Lewis MacAdams, poet, author, environmentalist, died on Tuesday at the age of 75, having spent much of the last 30-odd years schooling Angelenos in their natural hydromorphology – the rivers, creeks and washes that carved this landscape. He co-founded Friends of the Los Angeles River in 1986, when, according to Los Angeles Times columnist Patt Morrison, the river was “a 50-mile-long paved toilet of a drainage ditch,” and “leveraged the river back into our imaginations.” But he knew that it wasn’t just the big boom-and-bust river that city planners and the U.S. Army Corps of Engineers conspired to drive underground or contain in trapezoidal channels, never again to threaten a city built mostly for the dry times. There was water everywhere – we just couldn’t see it.

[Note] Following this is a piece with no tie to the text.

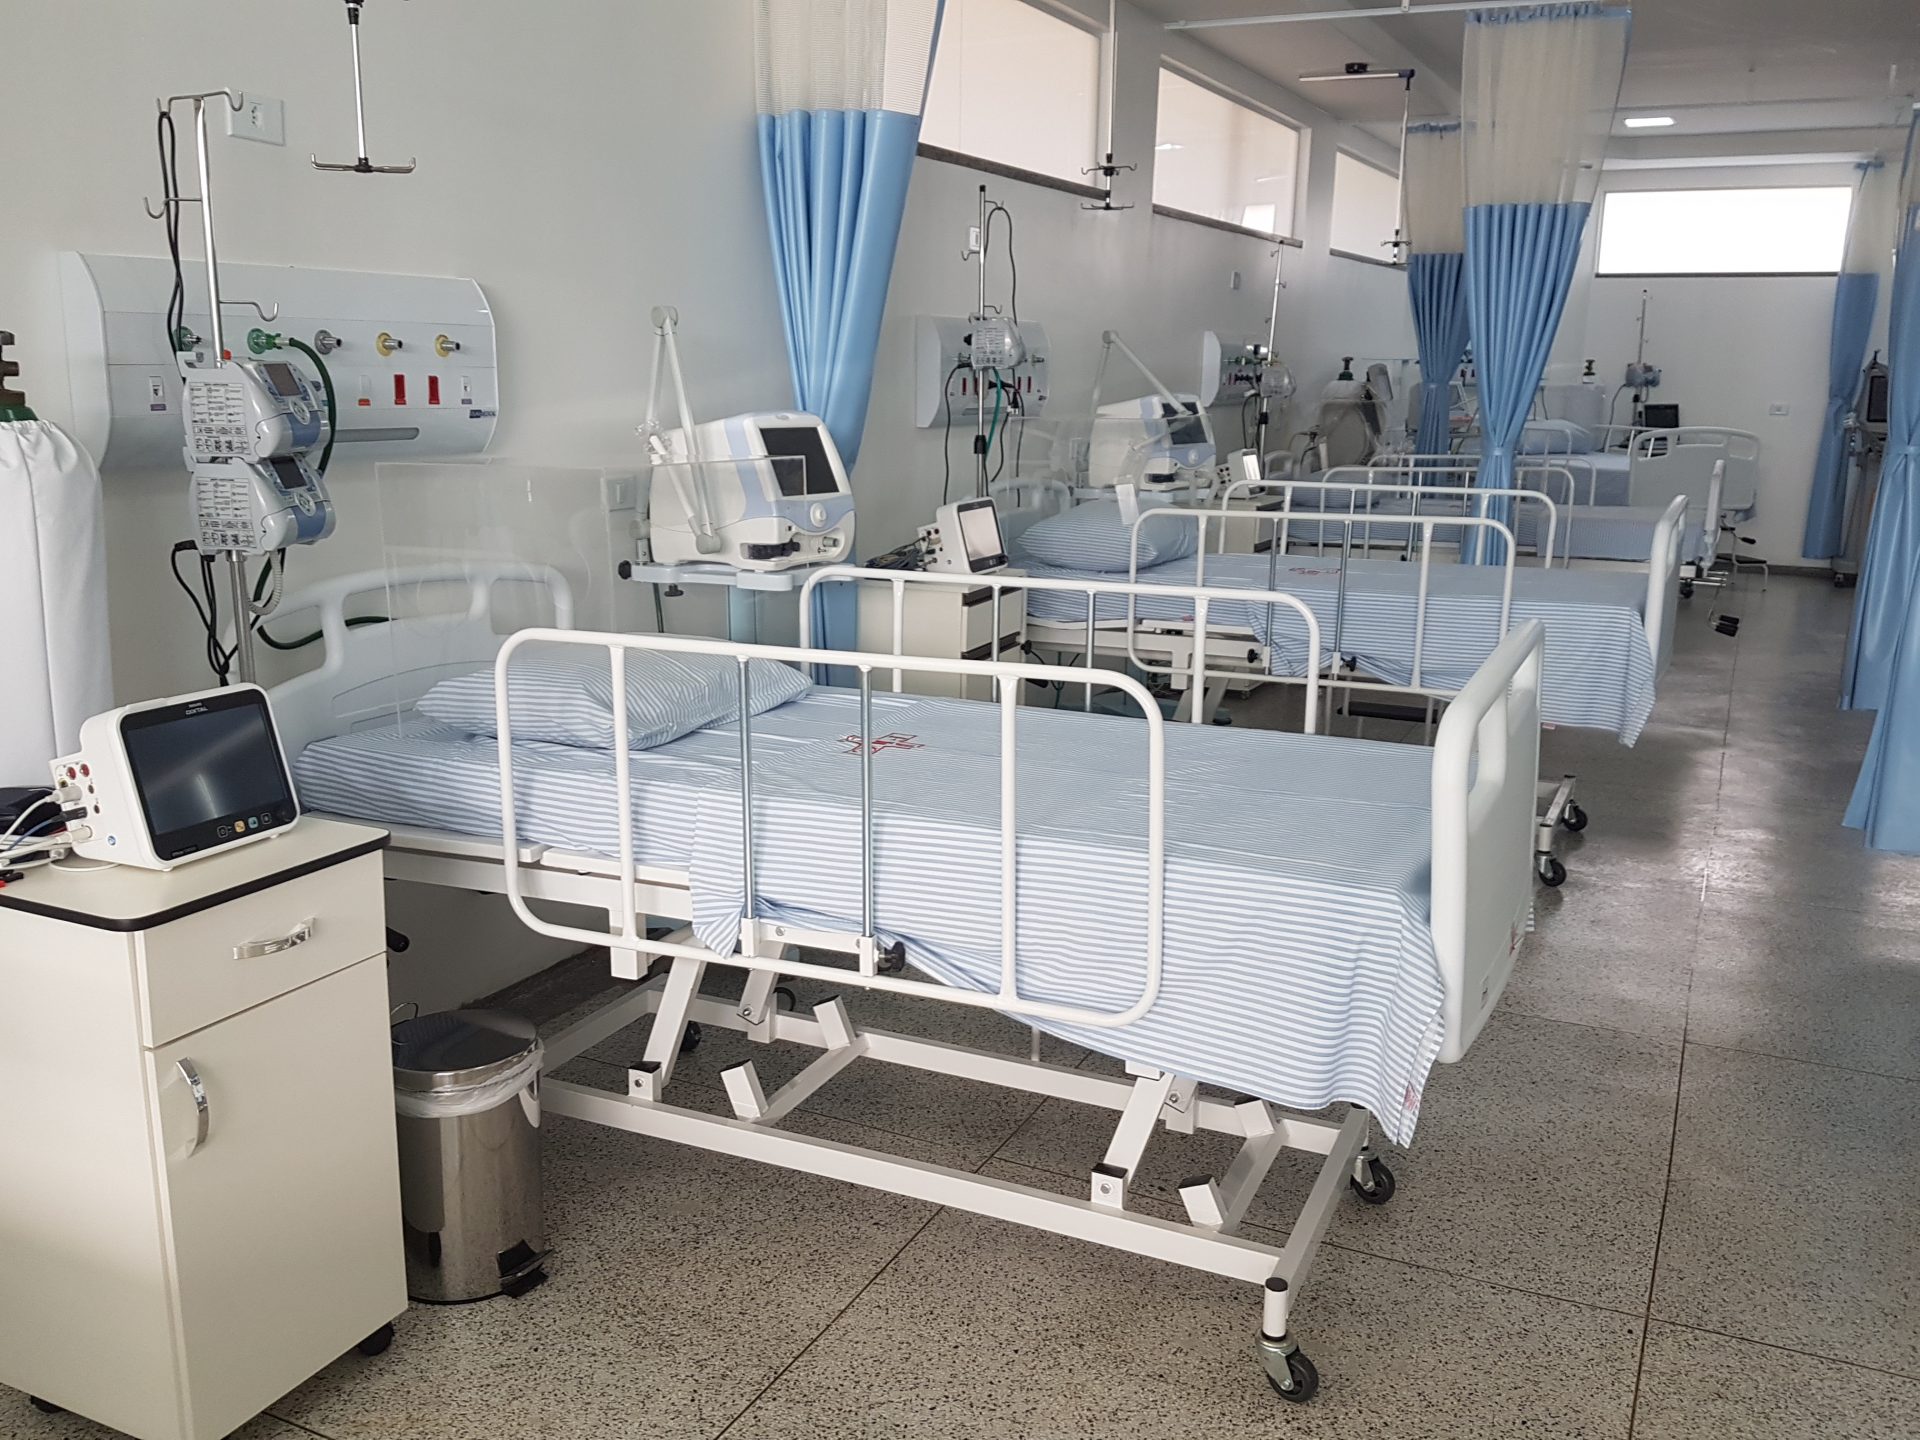 Hospital Evangélico: Desafios na gestão hospitalar se intensificaram  durante a pandemia da covid-19 - Folha de Dourados - Notícias de  Dourados-MS e região

I think now that when Lewis said they were smashing concrete in the Los Angeles River that day, he really meant it, because to him, the small rivulets — the Arroyo, Compton Creek, the Tujunga Wash – were all of a piece, all tributaries to the ephemerally mighty river to which he devoted much of his adult life. He found in those waterways a metaphor for human history; he saw our collective catastrophes in the same terms that he saw the natural world fighting to restore its own balance. After 9/11, in the chapbook “A Poem for the Dawn of the Terror Years,” he wrote:

I study the arundo donax and the willow — those
ancient enemies, invader and invaded —
as they battle in the light’s fading,

and try to counter
the violence with my silence.

(If you never got to hear him read, you missed out. But you can still listen on Spotify.)

He was no longer writing poetry when the coronavirus came for us, but it’s possible he would have found a way to link the pandemic to L.A.’s tortured watershed, too. Or maybe he did, and we will never know how.

The last time I saw Lewis, I stood next to him at a mutual friend’s party, watching through a glass door as Syd Straw astonished the small gathering with songs that shook us to our cores. It was 2010, just a week or so after then-U.S. Environmental Protection Agency Administrator Lisa Jackson had come to Compton Creek to declare the L.A. River a “traditional navigable river,” and therefore protected, along with all its feeder streams, by the Clean Water Act. It was a big deal for the river, an inflection point in its history, and I congratulated him: Whoever else had worked to secure the river’s future, it had all begun with him.

He accepted the compliment graciously and smiled. I saw the face of a man who had seen one small part of his ambitious dream realized, and maybe could rest a little easier. And I remembered his promise the day he sent me out to the Arroyo. “You just wait,” he said. “There’ll be steelhead trout up there in no time.”